The walkout was sparked by a specific grievance: a report in The New York Times that Google gave a $90 million exit payment to Andy Rubin, the creator of Android, after he was accused of coercing a woman to perform oral sex in a hotel room (a charge that he denies but that the company found credible).
The organizers said their aims were far larger, though, than sexual harassment and abuse.
“Our discussions expanded very quickly,” Stapleton said. “What is it that we want the company to be, and what should we do with the power that we very quickly see we are harnessing? Is Google for good? Do we think that technology is toxic? Are we navigating through a host of complex issues online in a positive way?”
Speaking to Stapleton and several of her fellow organizers, I was struck by their intoxicating optimism. They brimmed with confidence about their capacity to push for a new moral, ethical and social framework in tech. And because Google’s culture is a model for the industry and much of corporate America, they saw the idea of changing the company as part of a larger social and political struggle to make a dent in the universe.
“I think what we did was disprove the myth that it’s too hard to take collective action,” said Celie O’Neil-Hart, who works in YouTube’s marketing department. She described the meticulous way that she and other organizers of the walkout distilled the thousands of discussions flowing through their group into a list of demands. Their secret? Google’s own technology.
“I was getting hundreds of pieces of feedback on these demands, but ironically thanks to Google’s products, like Google Groups and Docs and comments, I was able to get this constant stream of real-time feedback from a collective group of hundreds of Googlers, all while doing my day job,” O’Neil-Hart said. She noted, too, that many Googlers had been hired for their work-endless-hours drive; now that drive was marshaled in the service of a movement.
Stephanie Parker, a policy specialist at YouTube, described organizing the protest in a way that sounded to me like designing and releasing a new Google product, only with a group that was more passionate and personally invested.

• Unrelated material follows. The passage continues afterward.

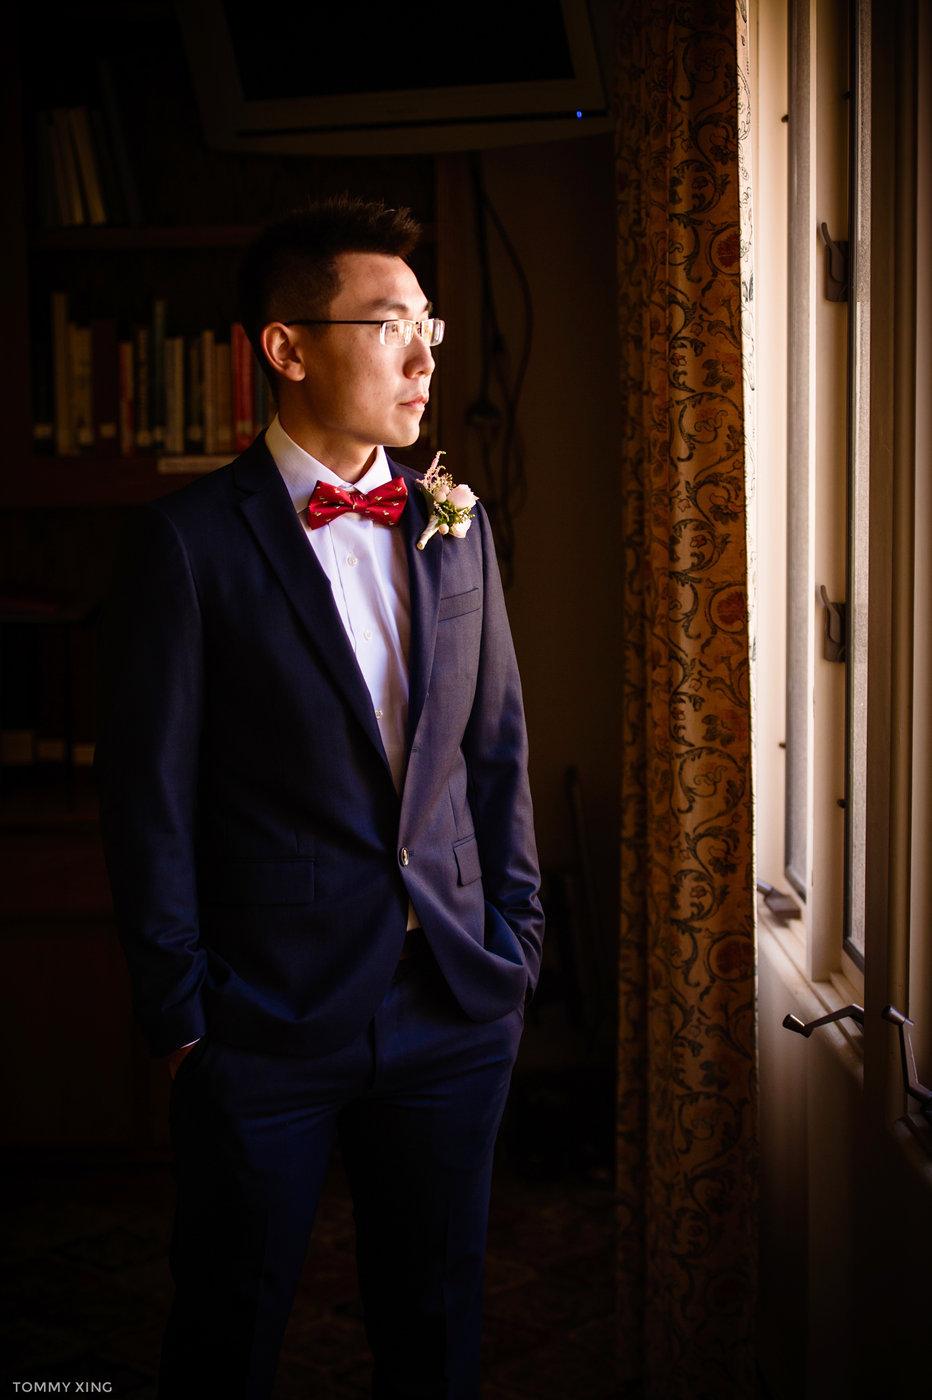 Neighborhood Church Wedding Ranho Palos Verdes Los Angeles Tommy Xing Photography 洛杉矶旧金山婚礼婚纱照摄影师 014.jpg

“It was really fun to see my fellow employees flex the skills that a lot of them had developed at Google — their program management skills, their marketing skills, their PR skills, but in the service of this movement,” she said.
A lot about the walkout was particular to Google’s culture, which has always encouraged a more open form of debate than many tech peers. Companies more consumed with secrecy — Facebook, for instance, or Amazon or Apple — may be less tolerant of a large number of employees who use their tech skills to go rogue.
But such a prospect is not out of the question. Tech workers have endless options when it comes to employment; the tight labor market gives them greater leeway in voicing their concerns, and the promise that their voices are valued gives them an expectation that they can effect change.
“I didn’t think this would happen, but it’s amazing to see,” said Ellen Pao, a venture capitalist who sued her former firm, Kleiner Perkins Caufield & Byers, for sexual harassment and now works at the nonprofit group Project Include.
“It’s another point of pressure — maybe the most powerful one yet,” she said. “And until recently, there really hasn’t been much pressure at all.”